Another document of the period which reflected the final crystallization of Russian Orthodoxy was the Domostroi (Home-Builder) of the priest Sylvester, a contemporary and colleague of Makari. Florovsky calls it “a didactic book, not a descriptive one, and it outlines a theoretical ideal but does not describe daily reality.” However, it was clearly conceived out of desire to fix everything, even to the smallest details of domestic life, in a definitive system and actually to convert the whole of life into a ritual. In this rite, along with an unquestionably Christian attitude and asceticism, Asiatic crudeness also breaks out: beatings, for example, become one of the main methods of maintaining Christian life in all its splendor, and also of education. Professor Fedotov writes of this period:

The outlook of the Russian had become extremely simplified.
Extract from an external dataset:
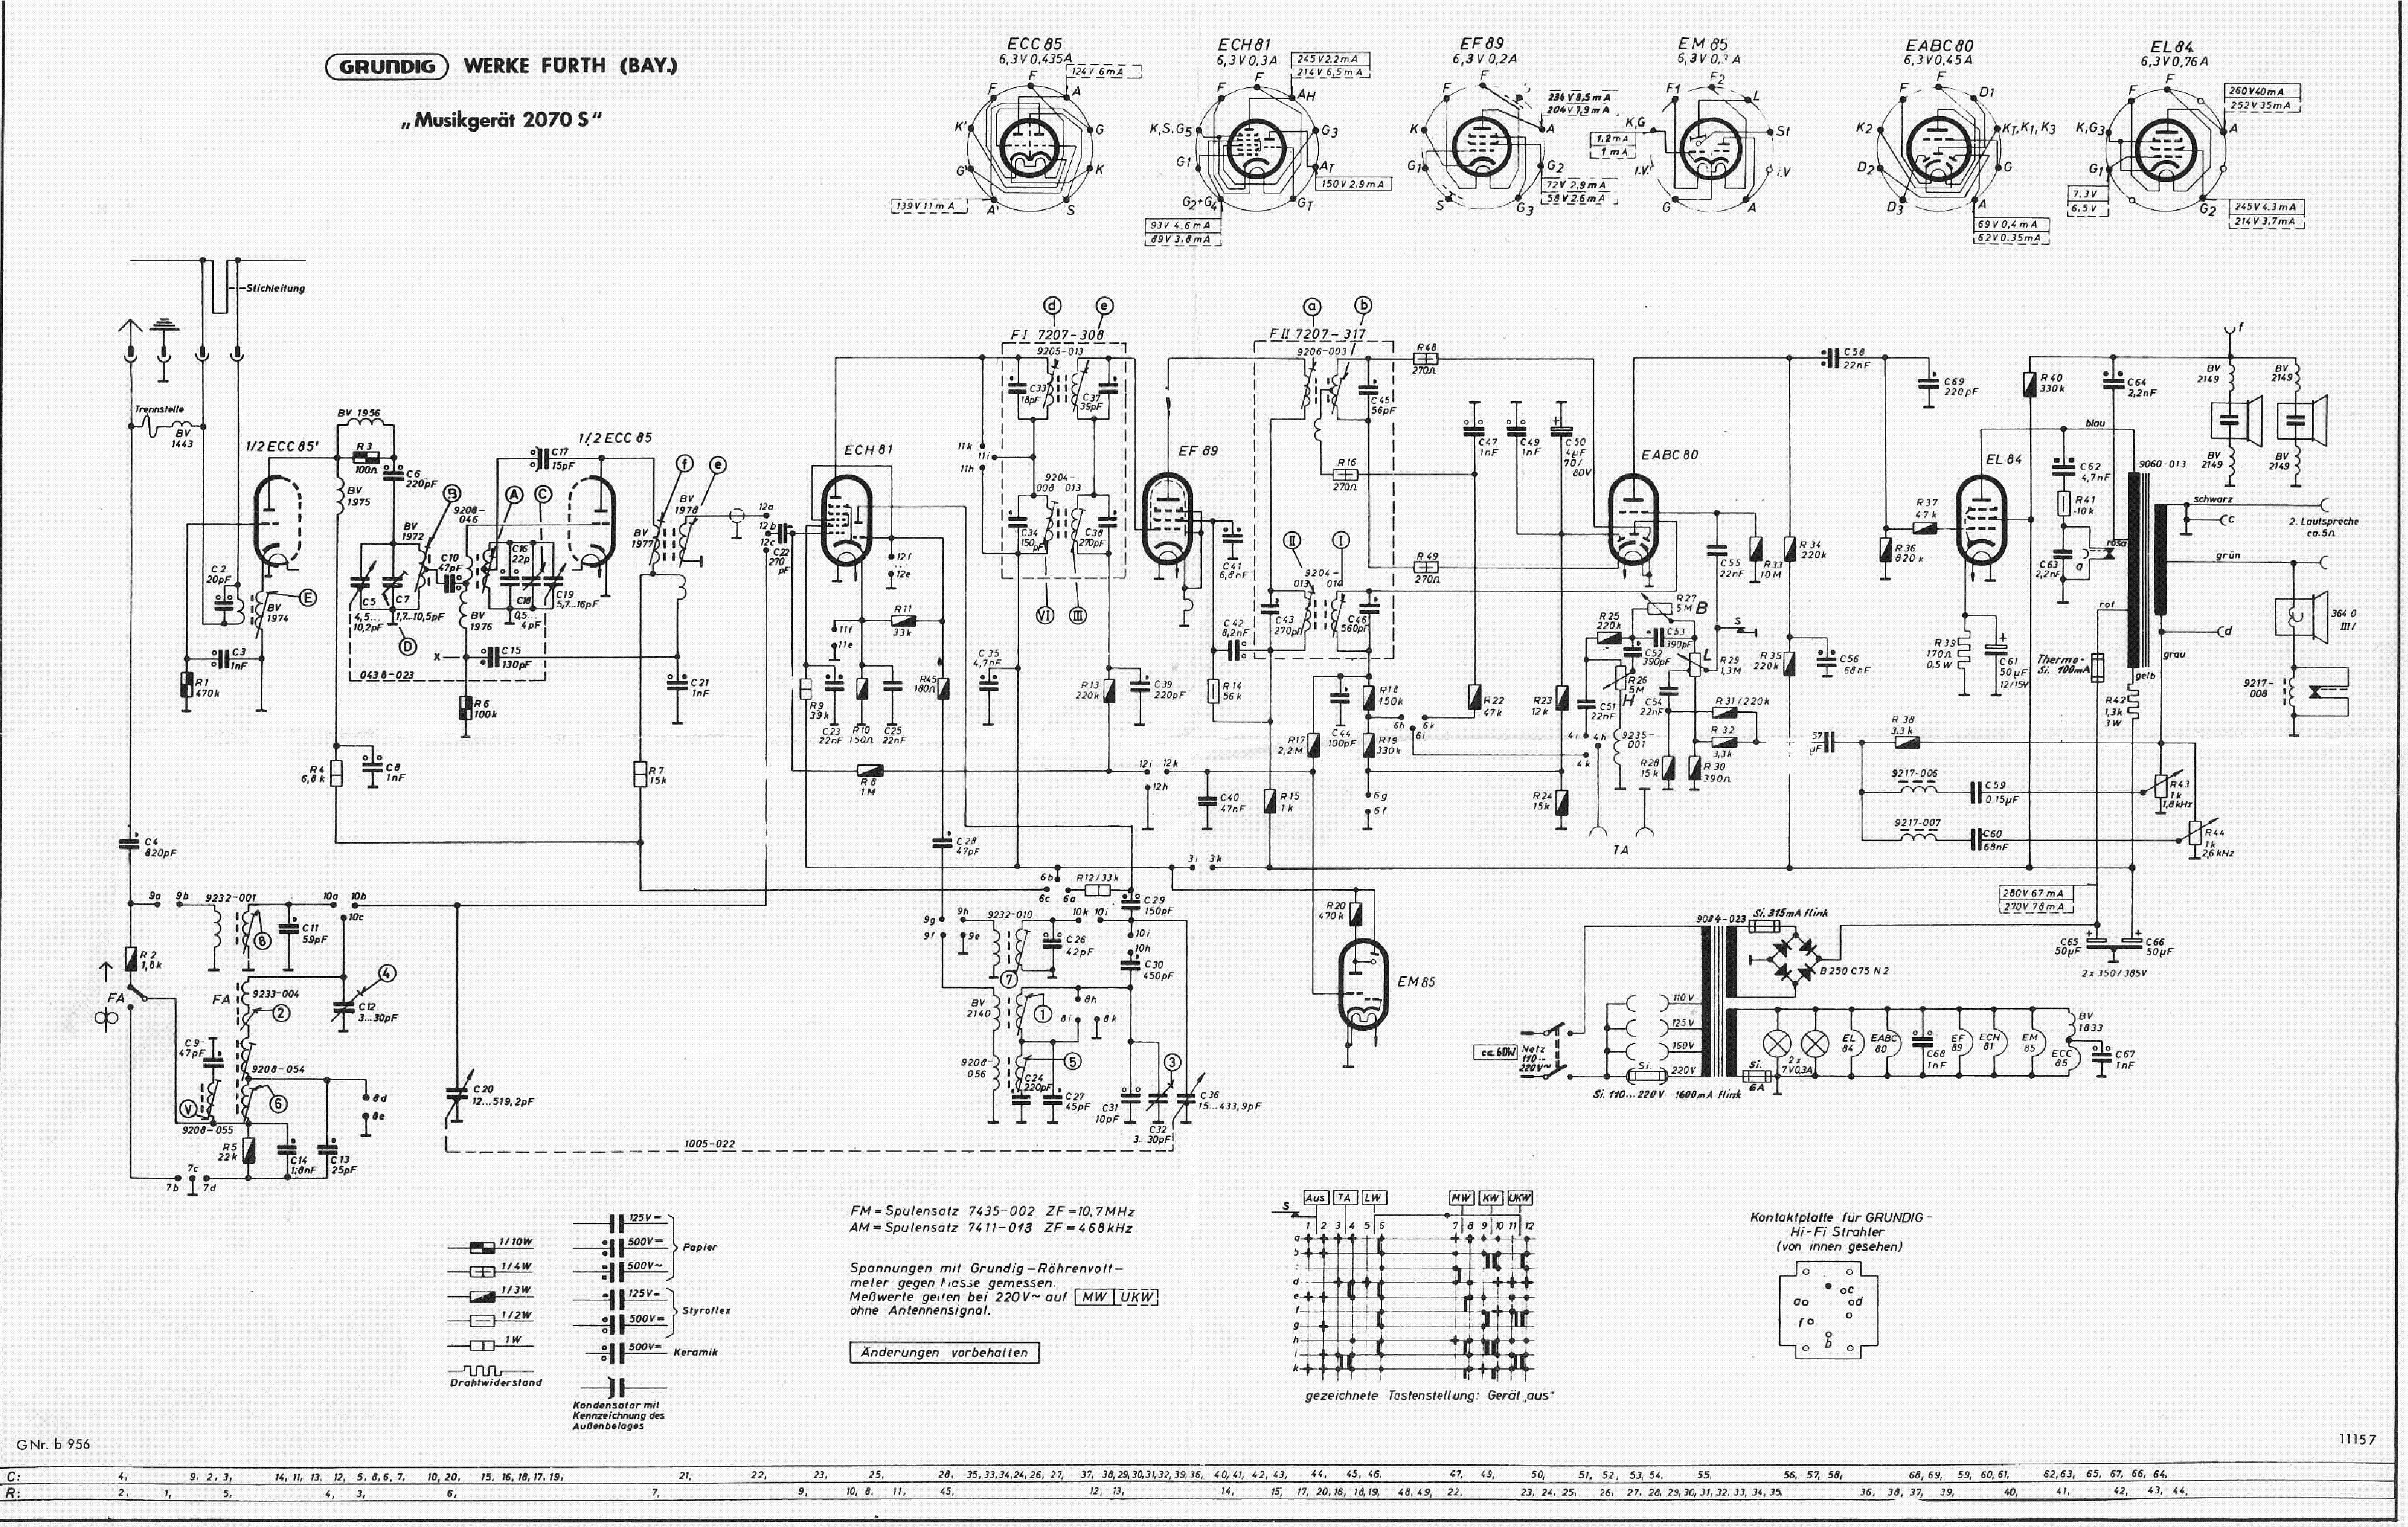 Ziemlich Fabrik Radio Schaltplan Bilder - Der Schaltplan ...

Even in comparison to the Middle Ages the Muscovite was primitive. He did not reason but accepted on faith certain dogmas which sustained his moral and public life. But even in his religion there was something which was more important than dogma. Ritual, periodic repetition of certain gestures, prostrations, and verbal formulas, binds living life together and prevents it from slipping away into chaos, imparting to it even the beauty of formalized existence. For the Muscovite, like all Russians, did not lack an esthetic sense, only now it became oppressive. Beauty became splendor, and fatness was the ideal of feminine beauty. Christianity, when the mystical tendencies of the Trans-Volgans were rooted out, was transformed increasingly into a religion of holy matter. It was ritualism, but a ritualism which was terribly demanding and morally effective. In his ritual, like the Jew in the Law, the Muscovite found support for his feat of sacrifice.[61]

Because the Domostroi is not a description but an ideology, its very appearance may be regarded as a sign of the profound spiritual illness, the genuine crisis, concealed under the outward splendor and harmony of Church life in Moscow.